Interestingly, in the feedback questionnaire, 71% of the Irish participants (5 out of 7 students) agreed or strongly agreed that the online task was intellectually challenging while 86% of French participants (6 out of 7 students) agreed of strongly agreed that it was inter-culturally challenging. The results for the Irish students can be explained in part by the fact that in the previous year, they had spent six months in France, Belgium or Luxembourg either for a study-abroad period or for work experience and thus, they might have felt that they ‘knew’ the target language culture.

5. Pedagogical implications

On the strength of the above findings, it could be argued that a number of instructional strategies may have impacted on students’ levels of participation and cognitive interactions. Since the instructor/teacher did not comment on the discussion board, her ‘teaching presence’ fell under the category of "instructional management" as defined by Anderson et al. (2001, p. 5).

Her teacher’s role, i n terms of course design, required: i) the careful structuring and integration of the online task, ii) the clarity of the instructions and the marking criteria, and iii) the shared access to previous year online discussion forum; it was felt that this step by step process of engaging students would help them develop a common understanding of the task learning goals and potential learning outcomes (Brindley et al, 2009).

Furthermore, the teacher gave students a chance to have personal and ‘real’ control over the online task:

  • by allowing them to select and research their own topics of interest rather than working from a teacher-determined list of topics ( Curtis & Lawson, 2001)

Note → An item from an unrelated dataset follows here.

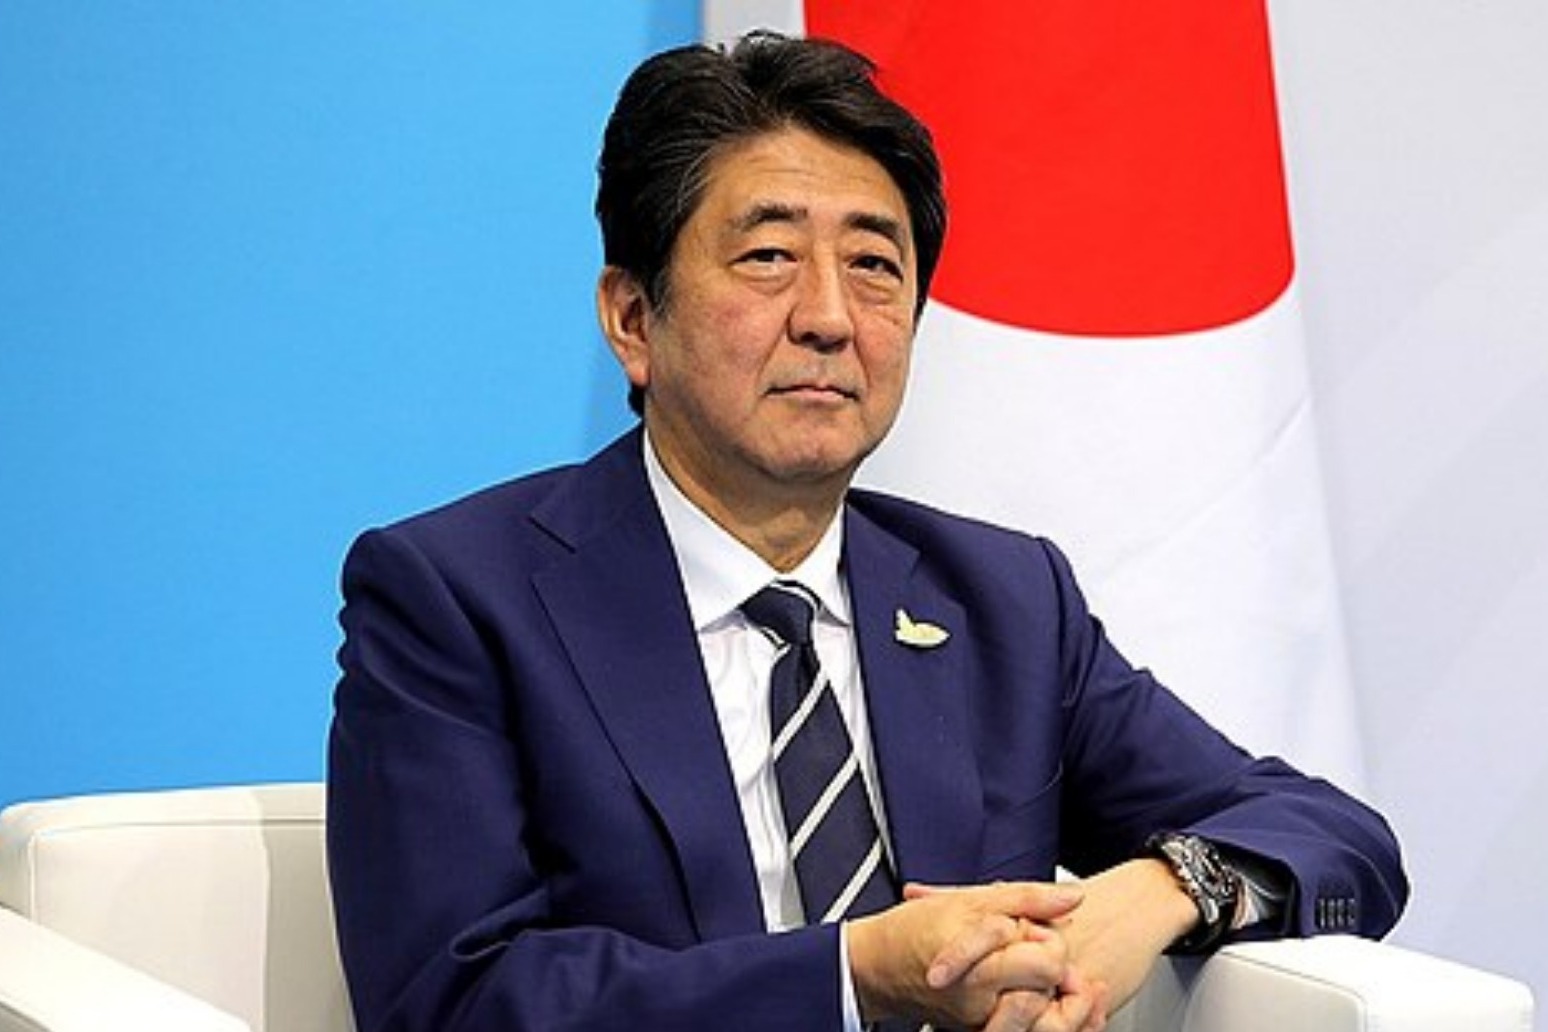 Japans former prime minister Shinzo Abe in hospital after being shot

    I chose that topic because it affects me directly. (French student)

  • by involving students in a cognitively challenging real-world activity (Helm, 2013)

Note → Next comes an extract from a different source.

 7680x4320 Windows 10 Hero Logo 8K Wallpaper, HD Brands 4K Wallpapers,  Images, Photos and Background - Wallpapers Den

    It was the first time that I could debate on socio-political issues with a native speaker: a ‘real’ challenge. (Irish student)

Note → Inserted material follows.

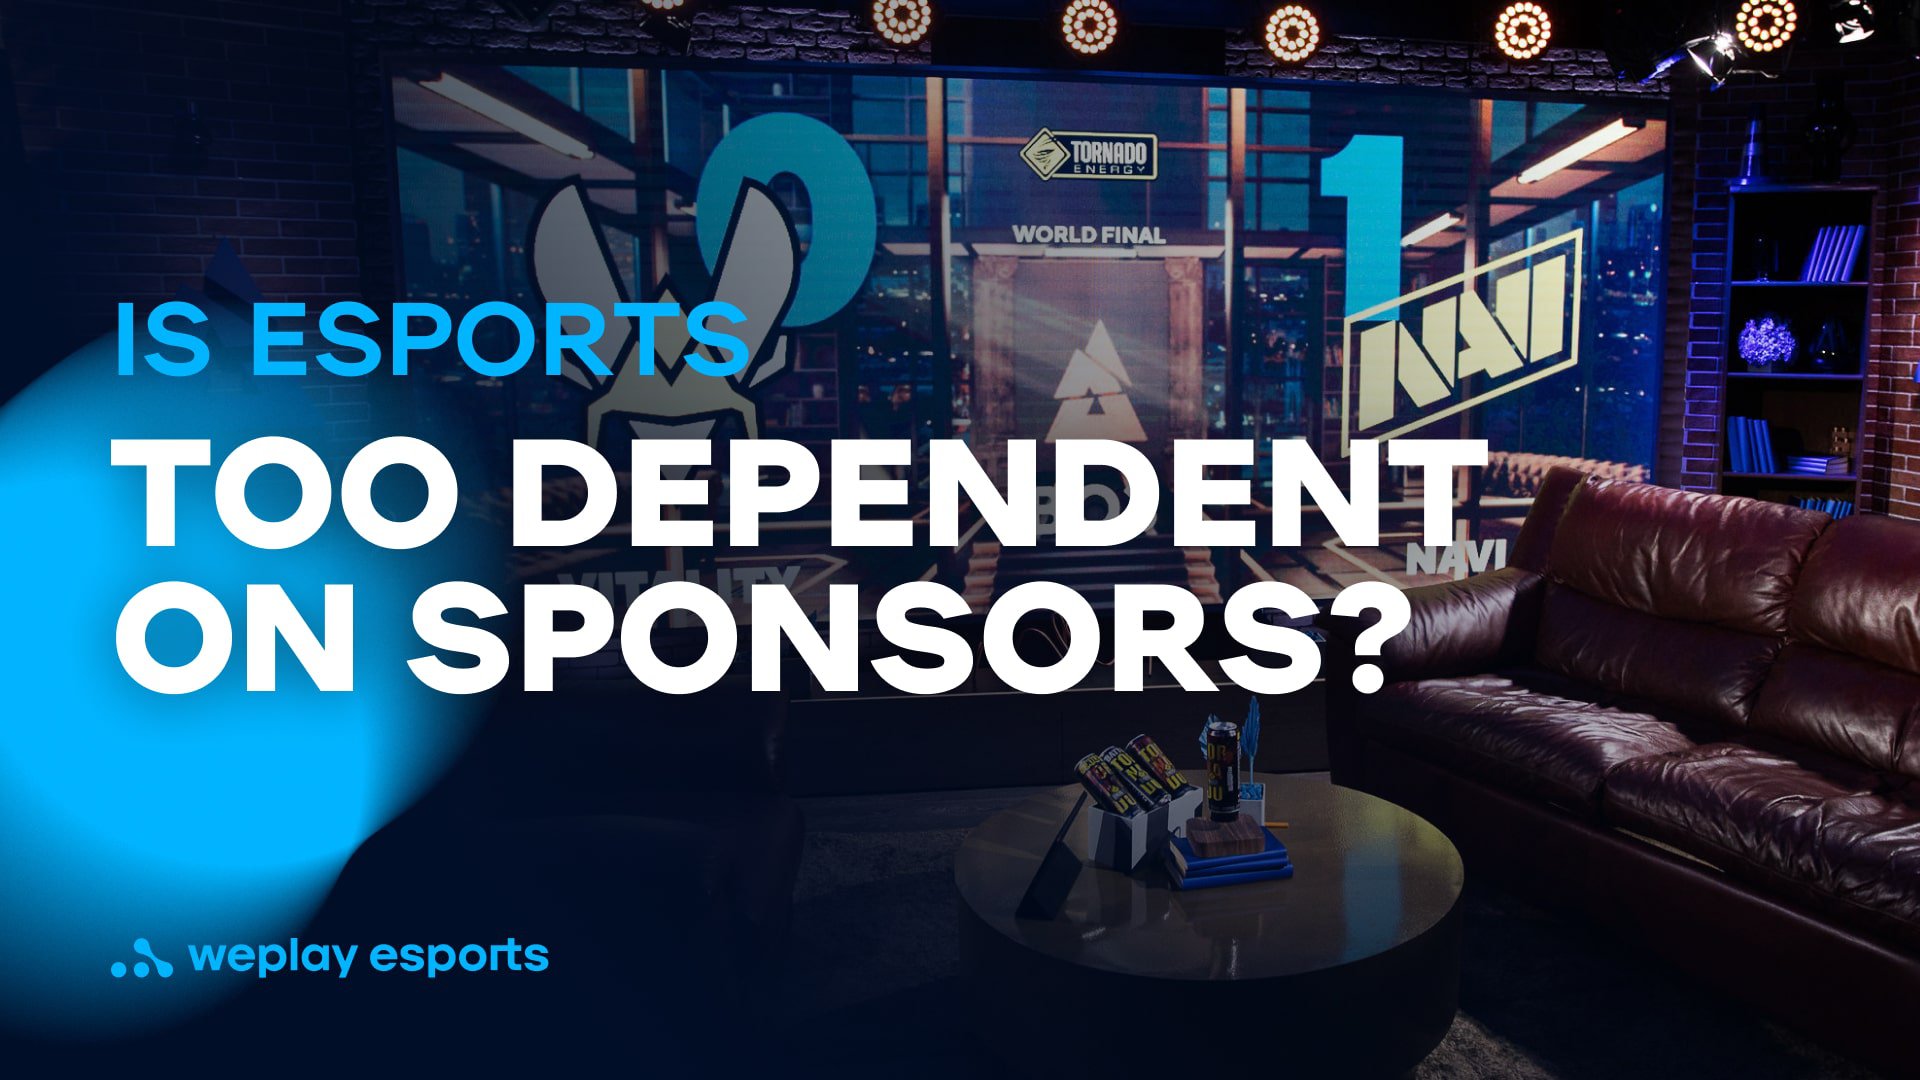 Esports and sponsorship are interrelated. Credut: WePlay Holding

  • by encouraging students to take more responsibility for their collaborative learning (Hanna & de Nooy, 2003; 2009)

    I was motivated to post messages because my work had a direct effect on her work and grade. (Erasmus student)

Similar to several CMC research studies, the teacher who had a decisive role in the design and implementation of the task became less active -and more ‘responsive’- during the actual performance of the task (Shea et al, 2010). Thus, it can be stated that the instructor had an indirect, albeit significant, influence on the outcome of the discussions (Arnold & Ducate, 2006).

6. Limitations and conclusion

The findings presented in this paper are to be taken cautiously due to the relatively small number of participants (32), the nature of the data (i.e., the study is partly based on self-reported perceptions of students), and given the context in which the asynchronous online communication took place (i.e., the participants were university students, quite motivated, with an intermediate to high level of French). Nonetheless, the present study adds to a growing body of research on the added value of CMC on language students’ educational experience. It underlines some affordances of an online discussion forum, namely, providing a challenging and ‘real’ learning space where undergraduate students can develop their critical thinking skills as well as improve their linguistic and intercultural competence. More specifically, results from this study give further evidence that overt teacher facilitation is not always necessary to support students’ advanced cognitive learning (Shea et al., 2010), and thus encourage other language teachers to assess their unique context (Levy & Stockwell, 2006) and establish their online teaching presence accordingly.